I have no idea how US courts work. Can whatever it is that's currently happening end in the reporter "winning" and possibly walking away with some compensation?

  • kposehn 4 years ago

    There is malicious prosecution, which allows a defendant to sue the plaintiff for knowingly prosecuting even though they knew (or reasonably suspected) they were wrong or did so with ill intent.

    Typically, this can only be done after prevailing in court as I understand it and the bar for success is quite high.

  • dekhn 4 years ago

    The prosecutor isn't going to initiate this case (no matter how much the governor says so) because they know they will lose and in losing, embarass the state even worse (since during discovery it will come out that the people who let the error happen in the first place were incompetent).

    STL covered its tracks perfectly on this one; if they did lose, it would be a token loss.

  • jimbob45 4 years ago

    Yes[0]. It's unlikely to ever get that far though - 95% of cases settle pre-trial [1] because this kind of stuff is all fun and games until someone has to put their words on the line. Especially when you're the governor and big public losses like these weigh heavily in voters' minds.

    [0]https://focuslawla.com/rare-happens-plaintiff-ordered-pay-de...

    [1]https://thelawdictionary.org/article/what-percentage-of-laws...

    • HillRat 4 years ago

      We're talking criminal prosecution here, though -- the only pre-trial settlement is a plea bargain or a dropped prosecution, neither of which are likely if the prosecutor really takes this dog to trial. The next steps are going to hinge on whether the Missouri Highway Patrol is a competent and relatively non-political entity, since they just returned their investigation to the prosecutor's office.
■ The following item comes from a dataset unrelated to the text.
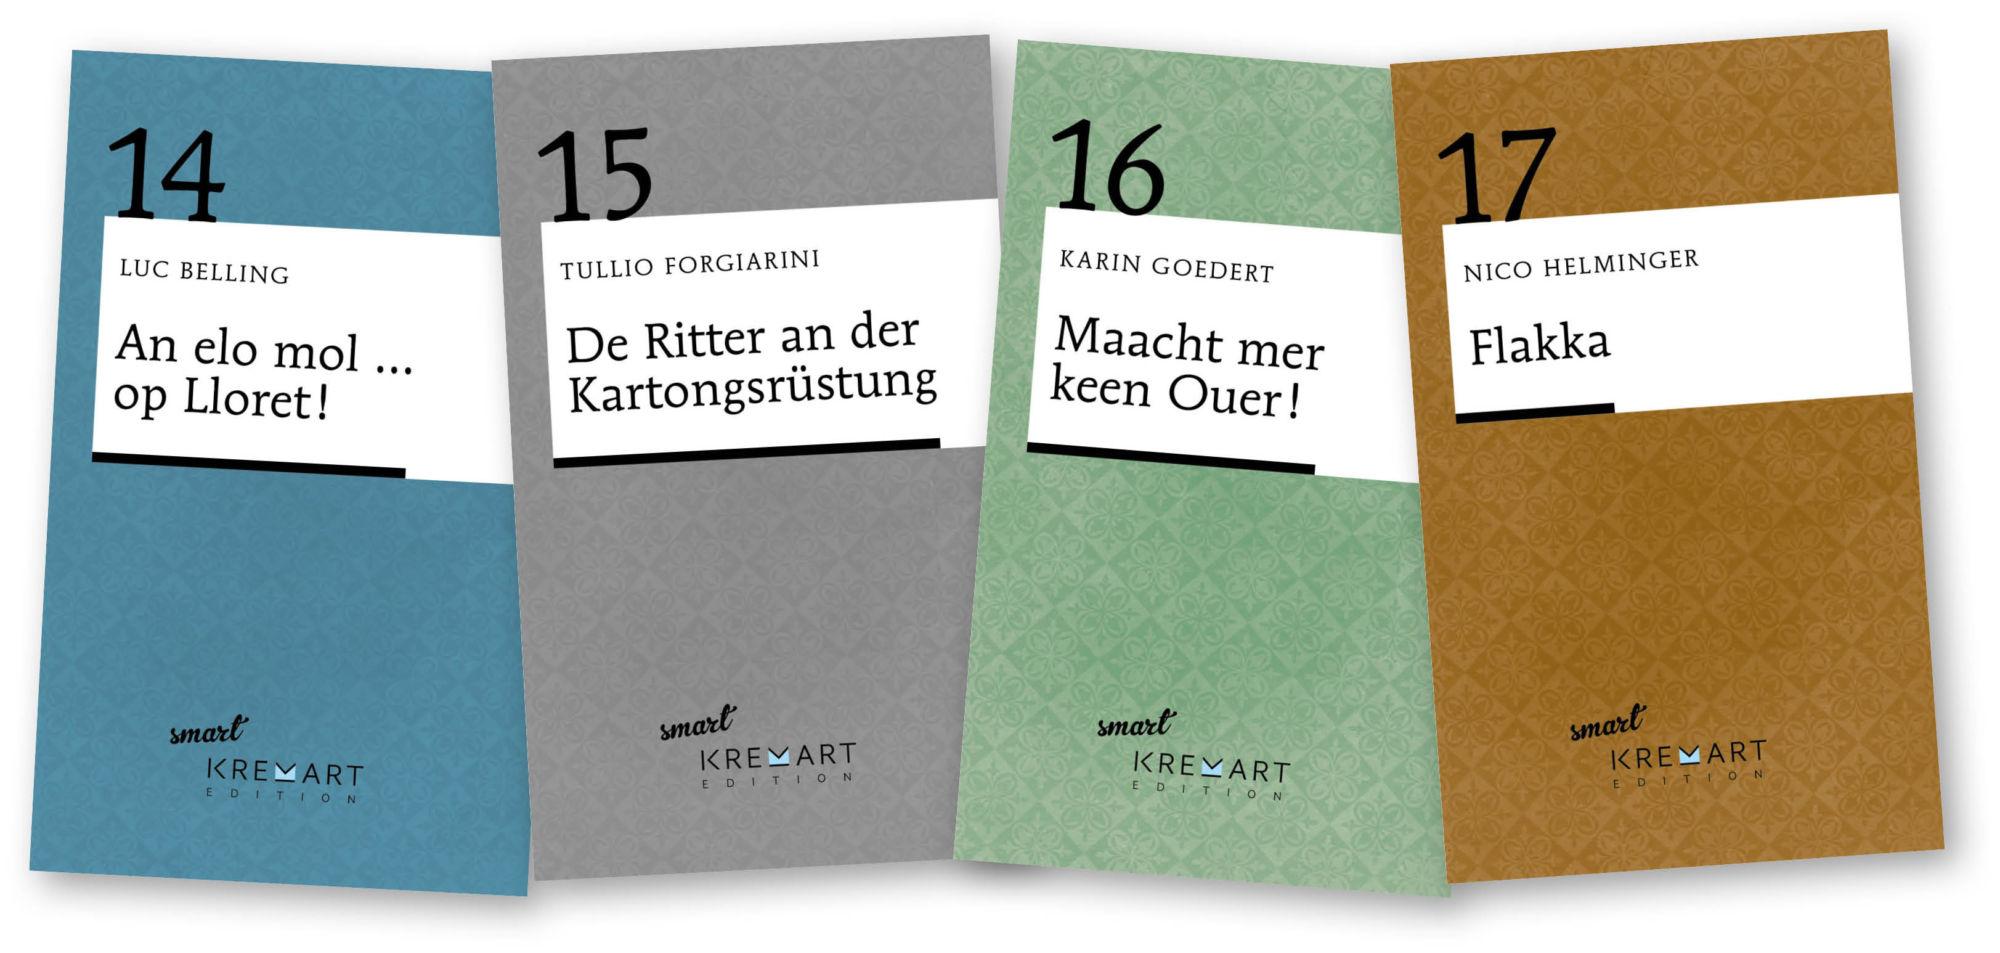 Smartbooks_14_15_16_17_2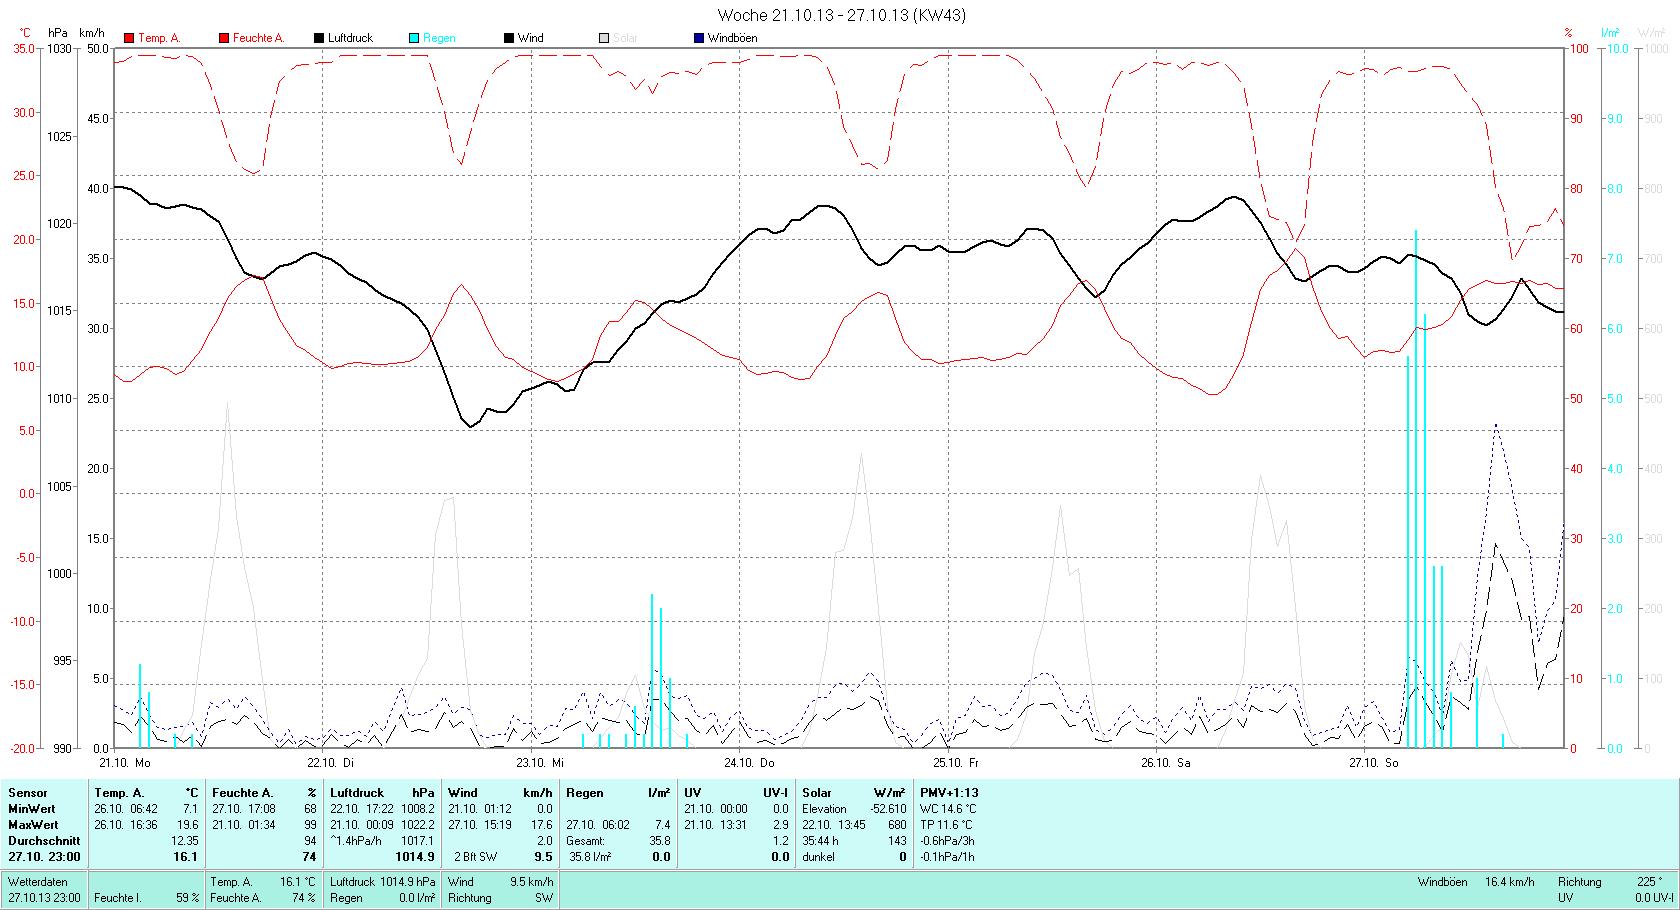 KW 43 Tmin  7.1°C, Tmax 19.6°C, Sonne 25:18h, Niederschlag 35.8mm/2

      Now, even if a jury convicts this is unlikely to stand on appeal just given the bare facts as we know them, but the state can definitely drag the reporter through jail, trial, and possible imprisonment as an example of what happens to anyone the governor takes a dislike to.

tyingq 4 years ago

I'd love to be an "expert witness" and decode a small snippet of base64 on a whiteboard for the jury. Just to show that the lock analogy is bullshit.

matthias509 4 years ago

This is saying that someone is hacking if they read text in a pdf which was “redacted” by changing the style of the text to be black text on a black background.

kevinventullo 4 years ago

“View source” is nothing like picking a lock. It’s more like opening the hood of a rental car and discovering a book full of trade secrets.

victorbstan 4 years ago

Being prosecuted for data that was sent to you by the server… I hope the judge can figure out the problem with this concept.

zenlf 4 years ago

From Cuomo to this, I came to the realization that probably it’s not the governors really believed what they do or what they say, by shifting the public focus to something else more bizarrely, more outrageous, they will successfully quell any demands on accountability.

LatteLazy 4 years ago

Doing basically anything with a computer is illegal in the US. It gives government a lot of power to deal with errant journalists or others.